Here is a number that should bother you: the average ultra runner takes in about 37 grams of carbs per hour during a race.1 Researchers who observed runners in real time during a 120 km race found actual intake ranged from just 22 to 63 grams per hour.3 The recommended amount is 60 to 90 grams per hour. Most runners are not even close.
Researchers have measured this gap repeatedly. Most runners think they are eating enough. Most runners are wrong. And it costs them.
"Only one [runner] achieved the benchmark recommendations for carbohydrate intake during endurance exercise."Costa et al., British Journal of Nutrition, 2014 — study of ultra-endurance runners during a 24-hour event
Why This Matters
Your body can store about 90 to 120 minutes of fuel as glycogen in your muscles and liver. After that, if you are not eating, your body starts to break down muscle for energy. You slow down, your thinking gets cloudy, and your gut starts to rebel.
A study of the Western States 100-Mile Endurance Run found a clear pattern. Finishers consumed significantly more calories, carbohydrates, fat, and sodium than non-finishers at every point in the race.2 Finishers averaged roughly 70 grams of carbs per hour. Runners who dropped out averaged less than 45 grams. The difference was not fitness. It was food.

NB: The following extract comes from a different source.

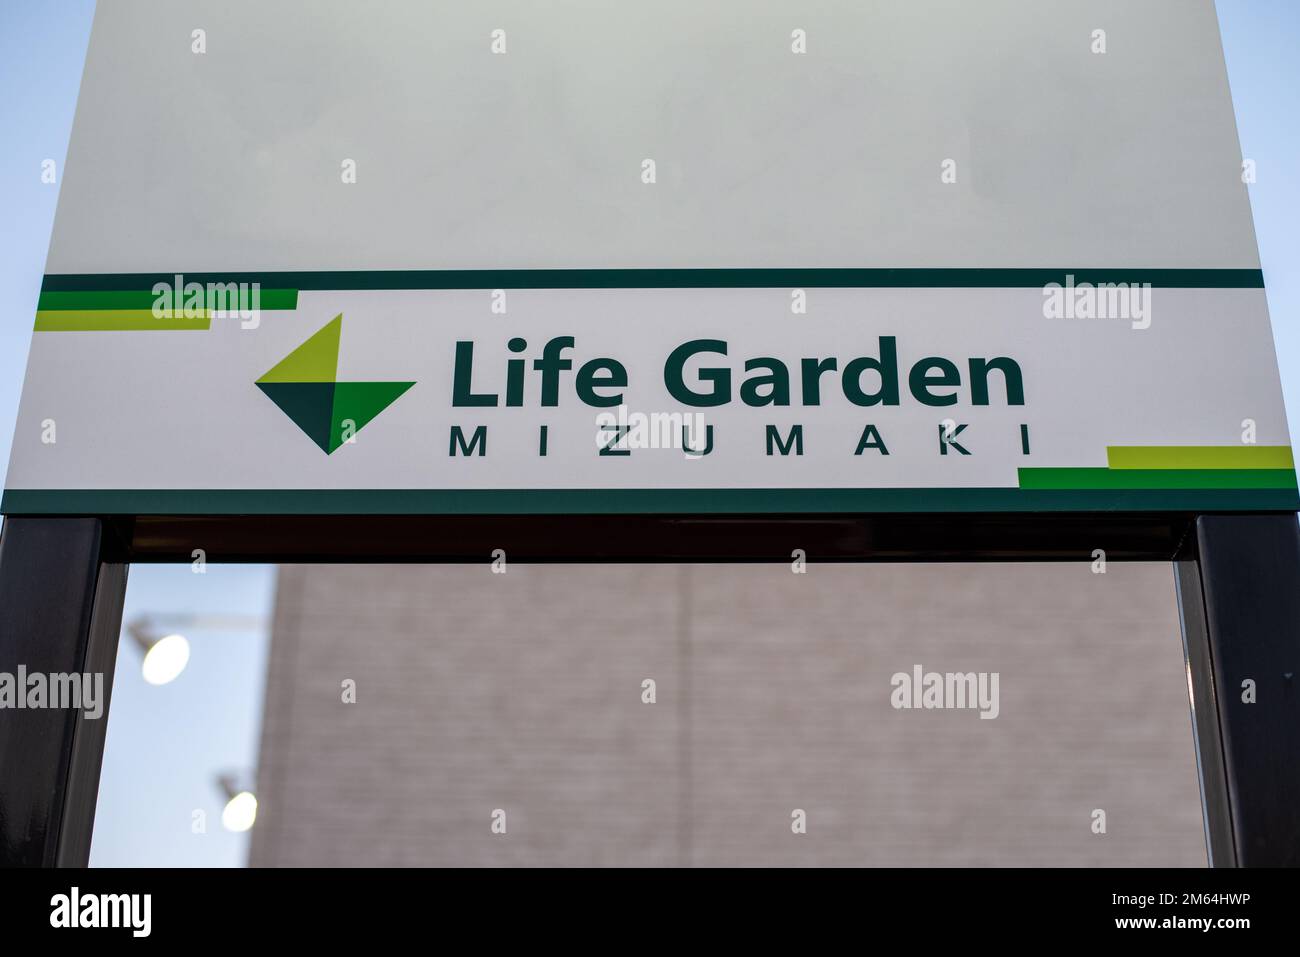 Life Garden is shopping compound in Mizumaki Town, Fukuoka with stores, a gym, restaurants and groceries. Stock Photo

In longer races, the gap is even bigger. A 2025 study measured the energy balance of runners across multiple ultra distances and found a mean deficit of nearly 6,800 calories per race. Runners at the 100-kilometer distance consumed about one-third of the calories they burned. Even at 230 kilometers, where runners move much slower and have far more time to eat, they still consumed less than half of what they burned.8 A complete match is impossible during a race. But the runners who come closest finish more races.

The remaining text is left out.